November 8, 2022
High Court of Kenya will not address grounds for objection not originally presented at the appellate level
- In this case, the Appellant failed to raise all grounds for objecting to a tax assessment before the Tax Appeals Tribunal.
- The High Court indicated that its mandate was to rule on whether the decision of the Tax Appeals Tribunal was justified and not to address new grounds for objection. The Court ruled that it could not venture into determining a new matter that was not presented before the Tax Appeals Tribunal.
- The ruling reflects the importance of including all grounds for objection at the onset of the objection and appeal process.
On 7 October 2022, the High Court of Kenya ruled in favor of the Kenya Revenue Authority (KRA or the Respondent) dismissing an application by a taxpayer (the Appellant) on the right to claim input Value Added Tax (VAT) worth approximately KES249 million (m).
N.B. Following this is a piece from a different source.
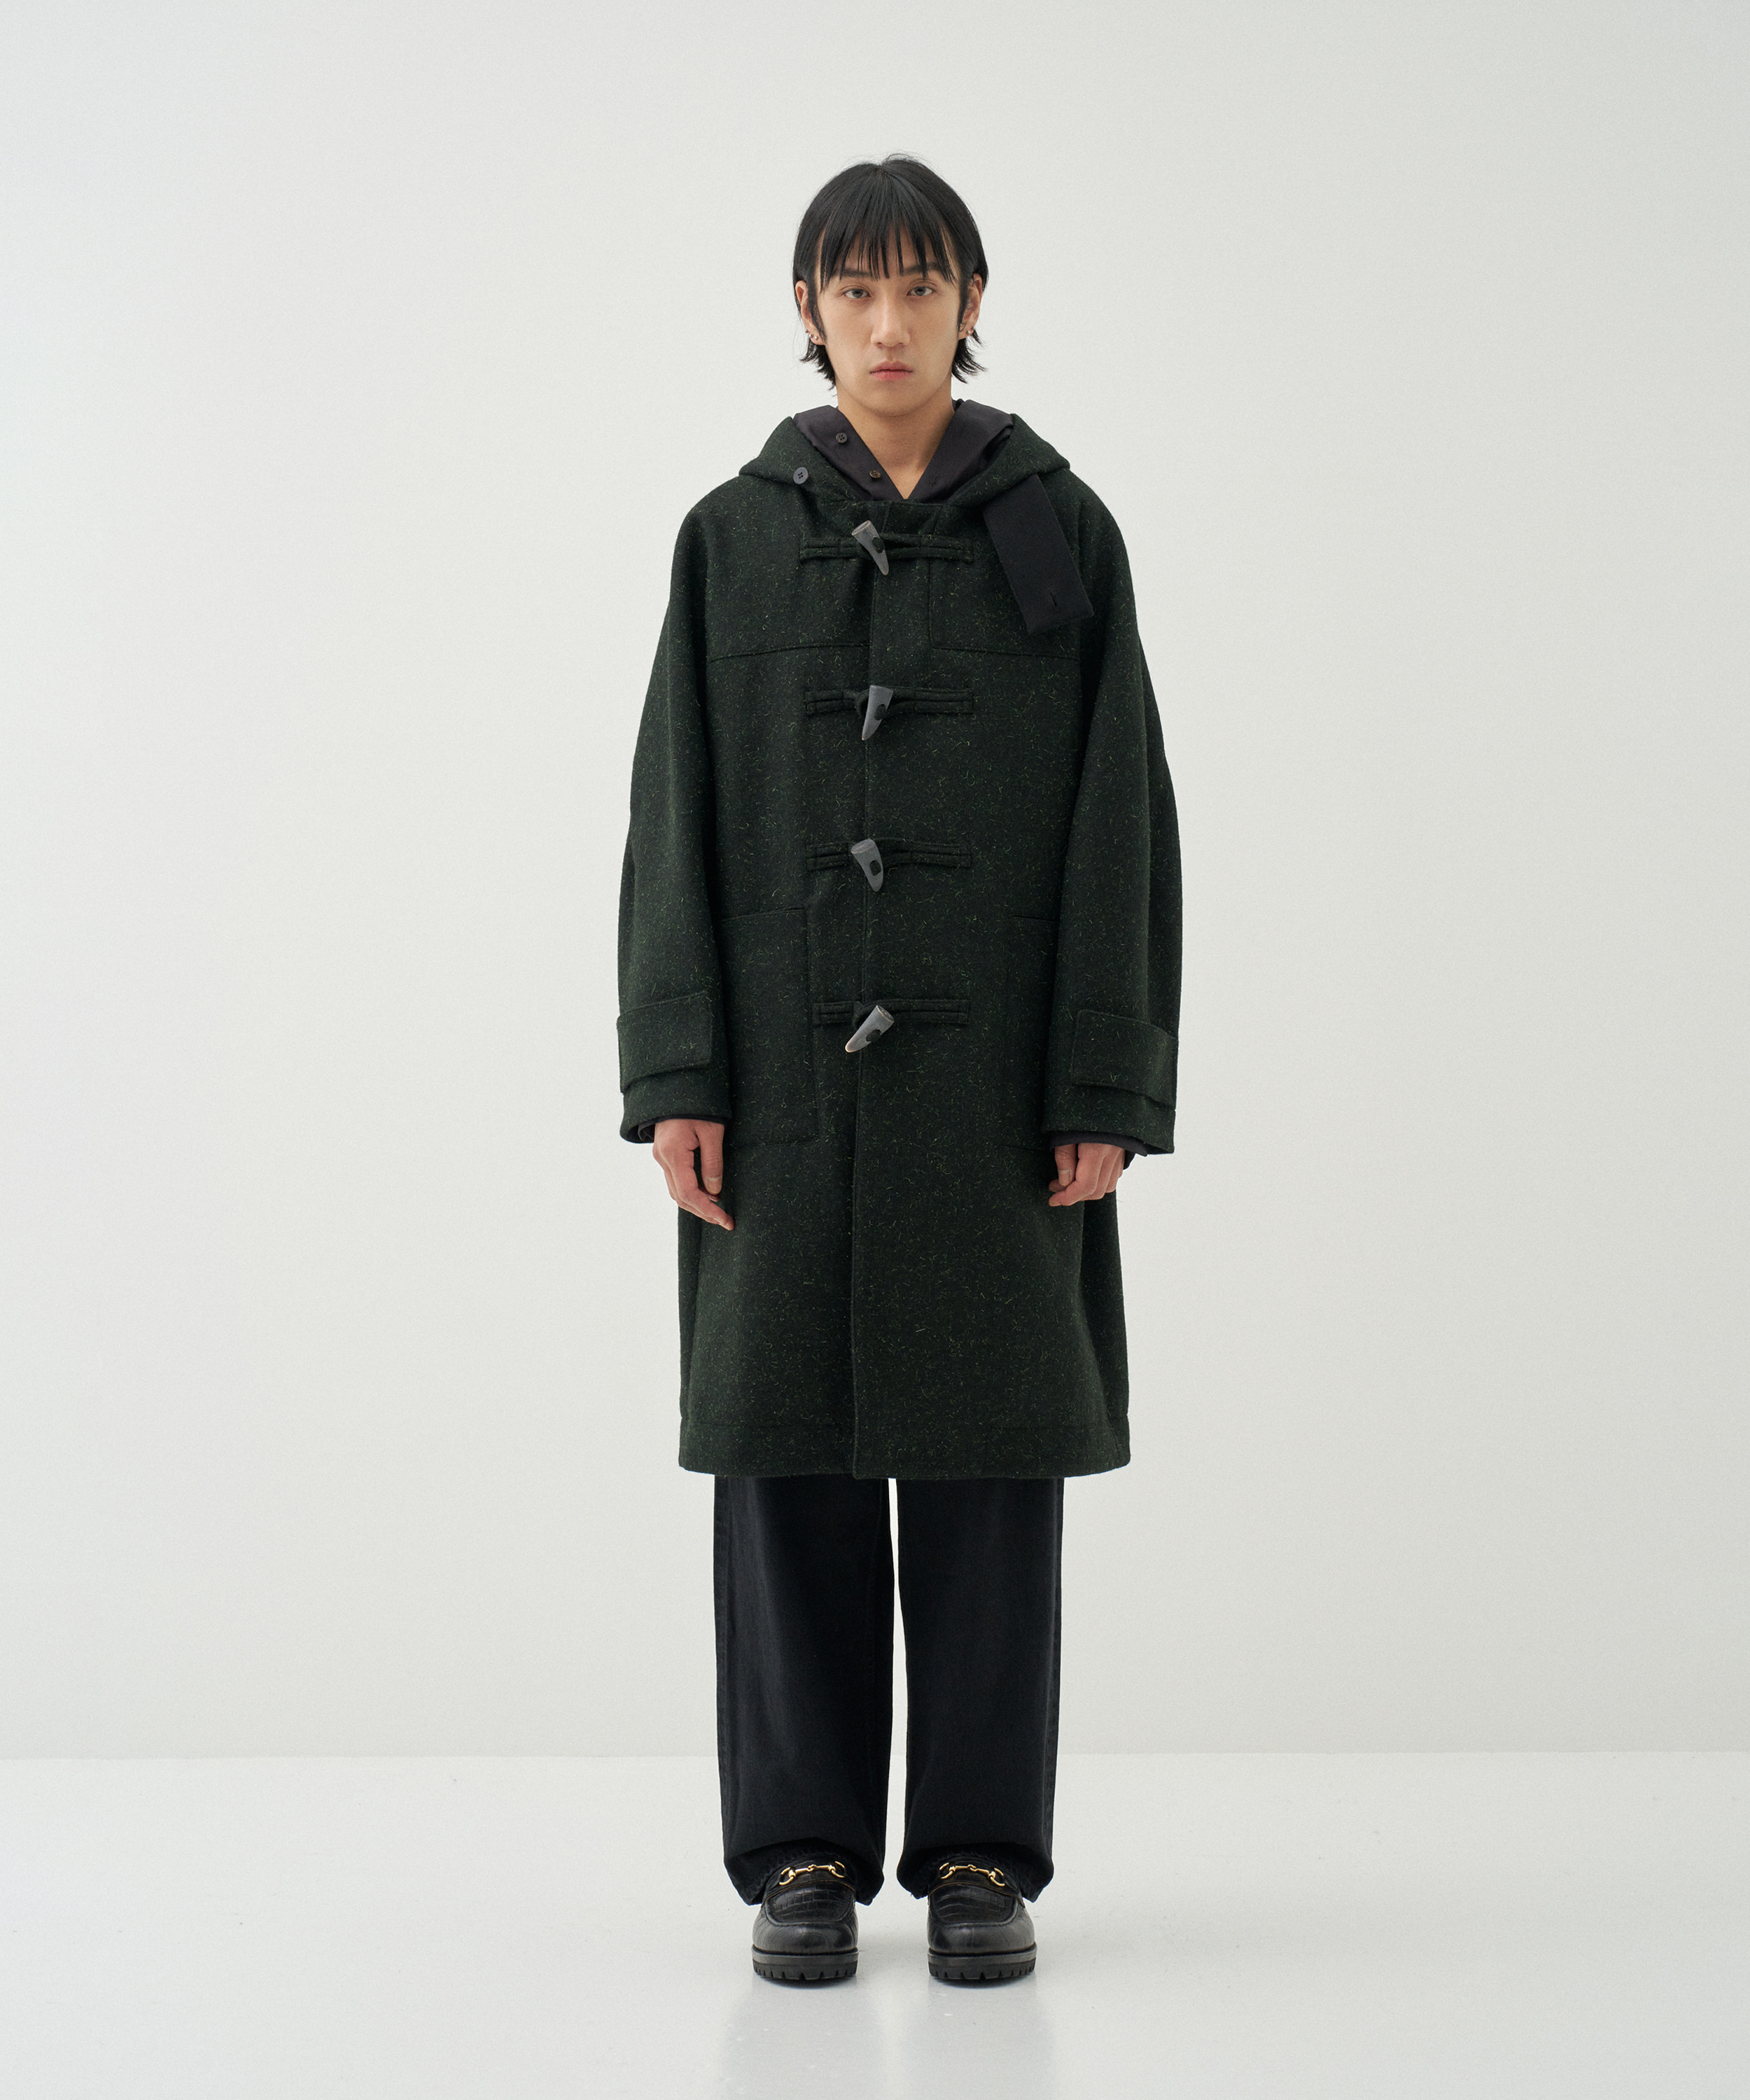 Yoke Sleeve Overcoat With Hood (Forest Green)
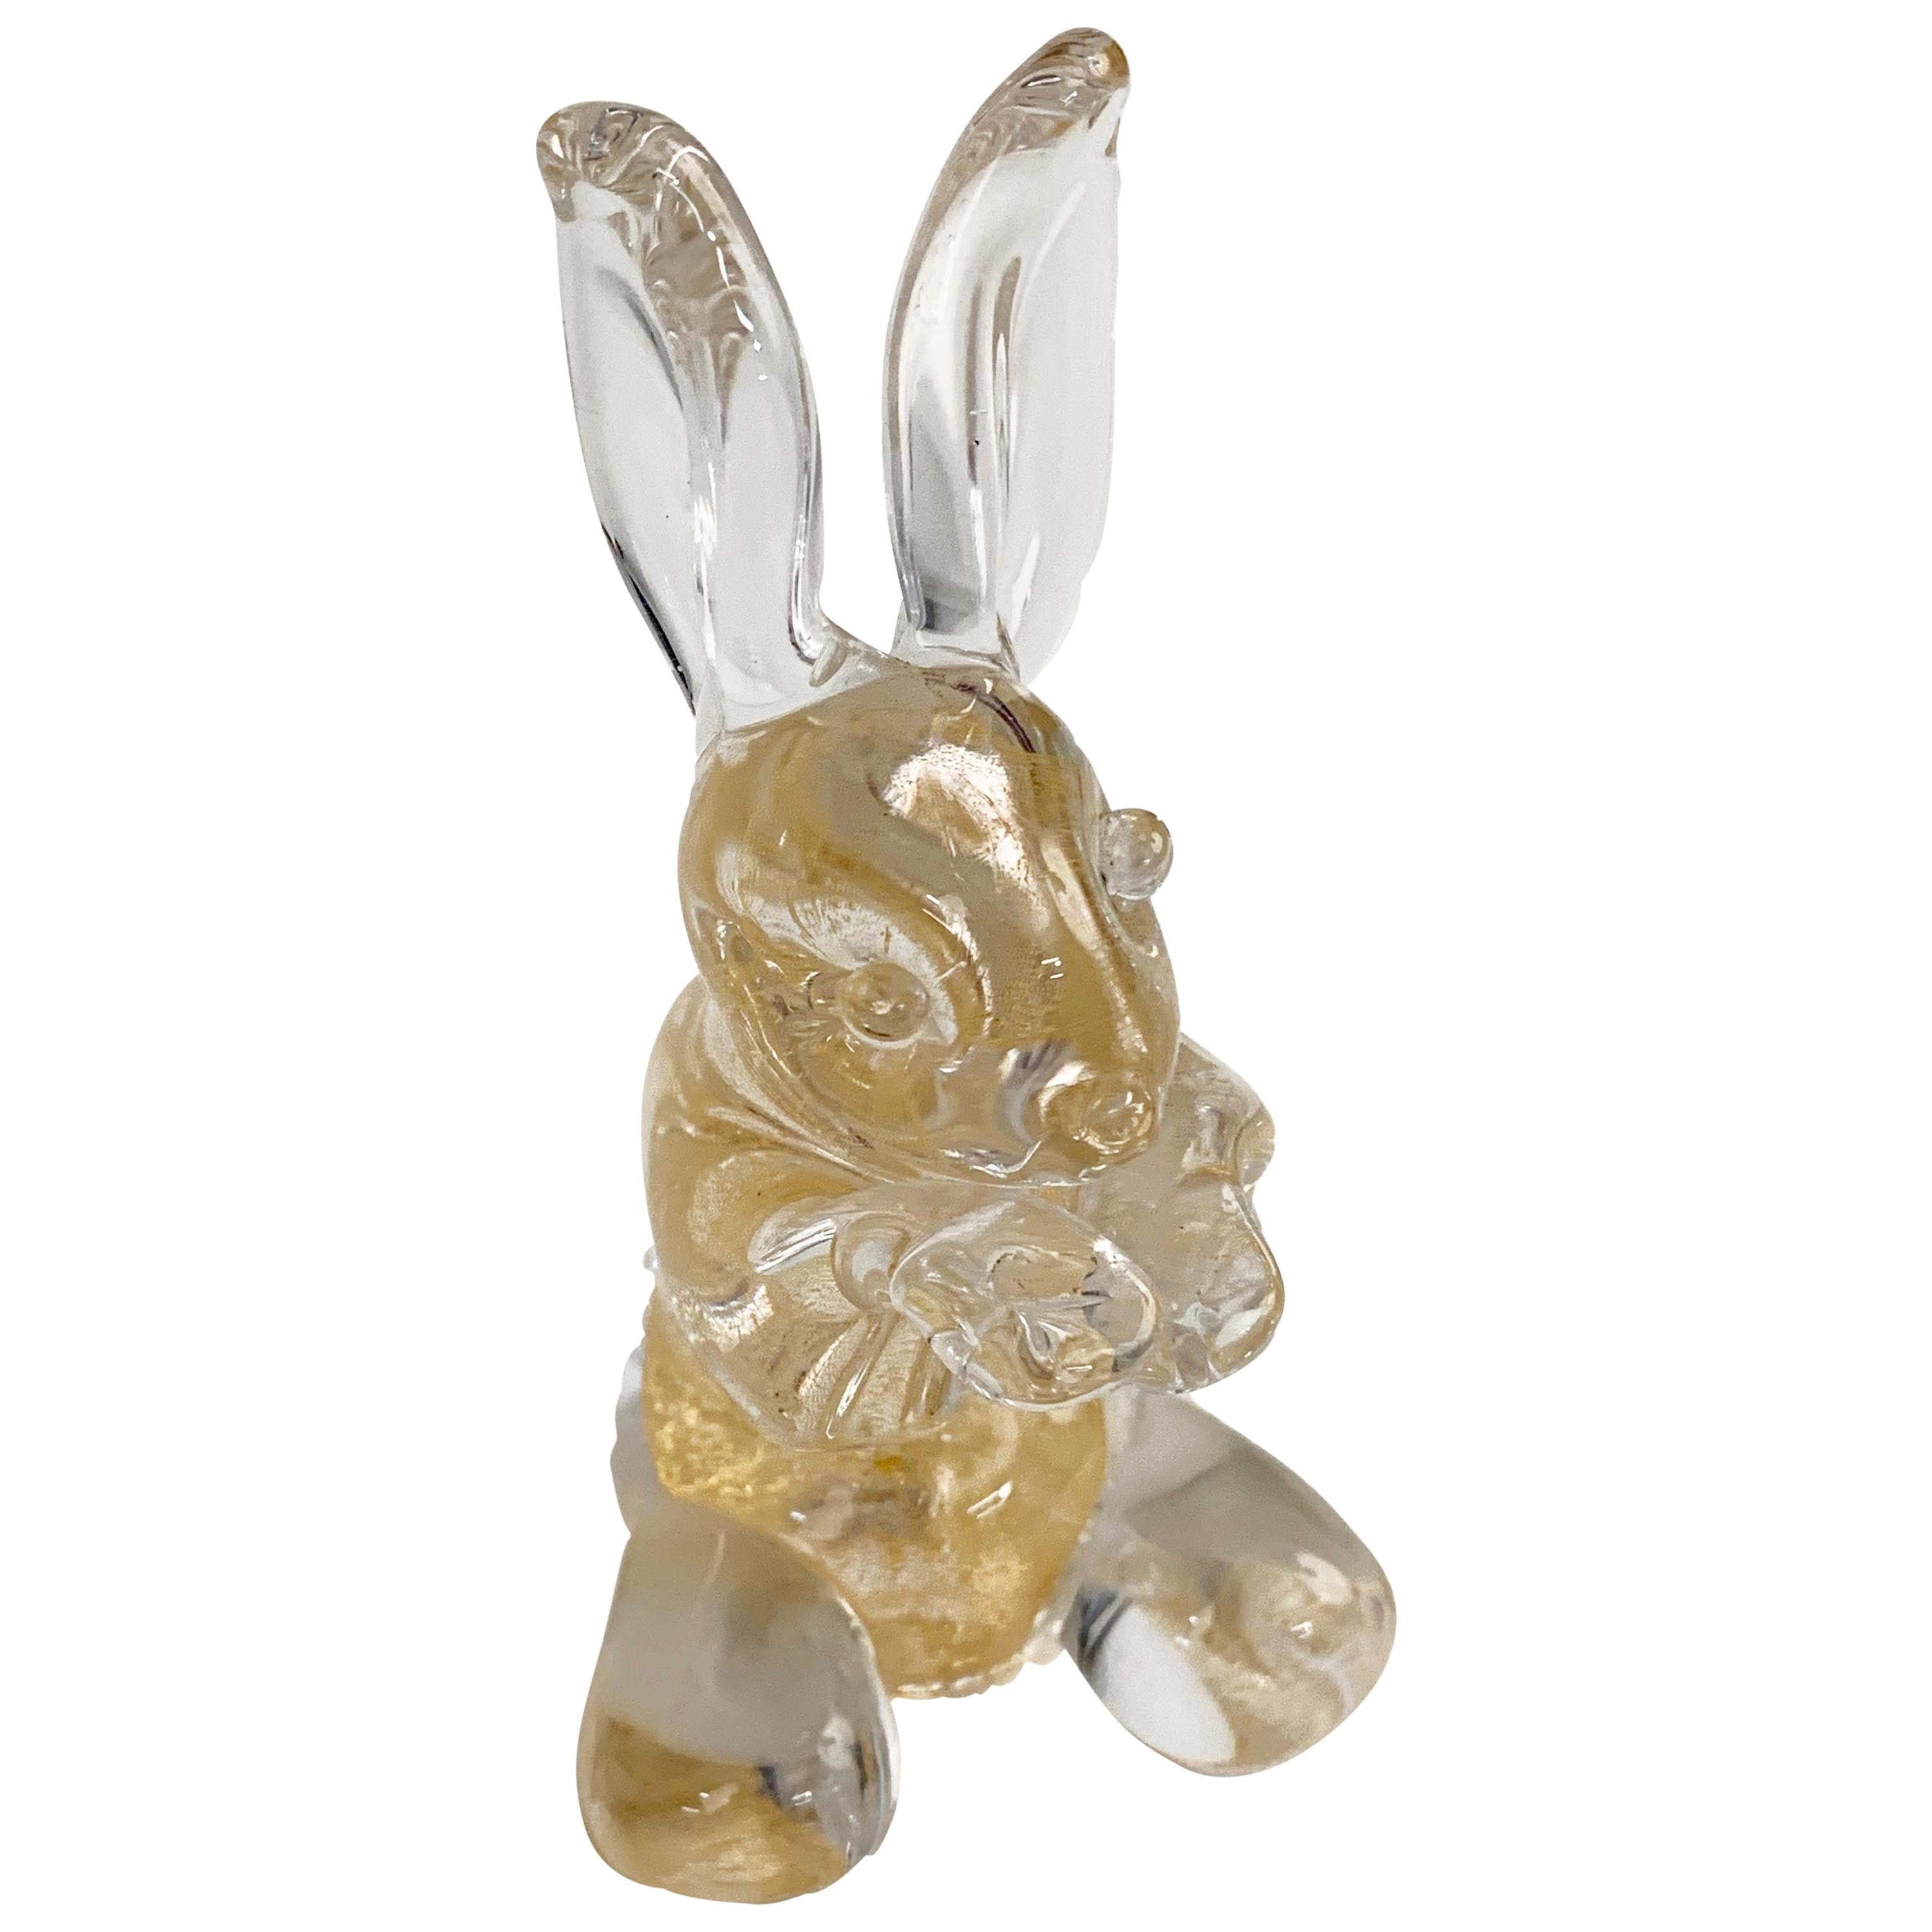 Seguso Midcentury Murano Glass Italian Rabbit Sculpture with Golden Dots, 1960s For Sale

This was based on the fact that the Appellant had not asserted the key grounds of appeal that it presented at the High Court of Kenya at the start of the appeal process at the Tax Appeals Tribunal.
The Appellant is a subsidiary of a company that is based in India and was incorporated in Kenya in 2015. The Appellant engages in manufacturing and supply of medical, surgical and laboratory equipment. In 2015, the Appellant entered into a lease agreement with the Government of Kenya via the Ministry of Health (MOH) to provide medical equipment services (MES).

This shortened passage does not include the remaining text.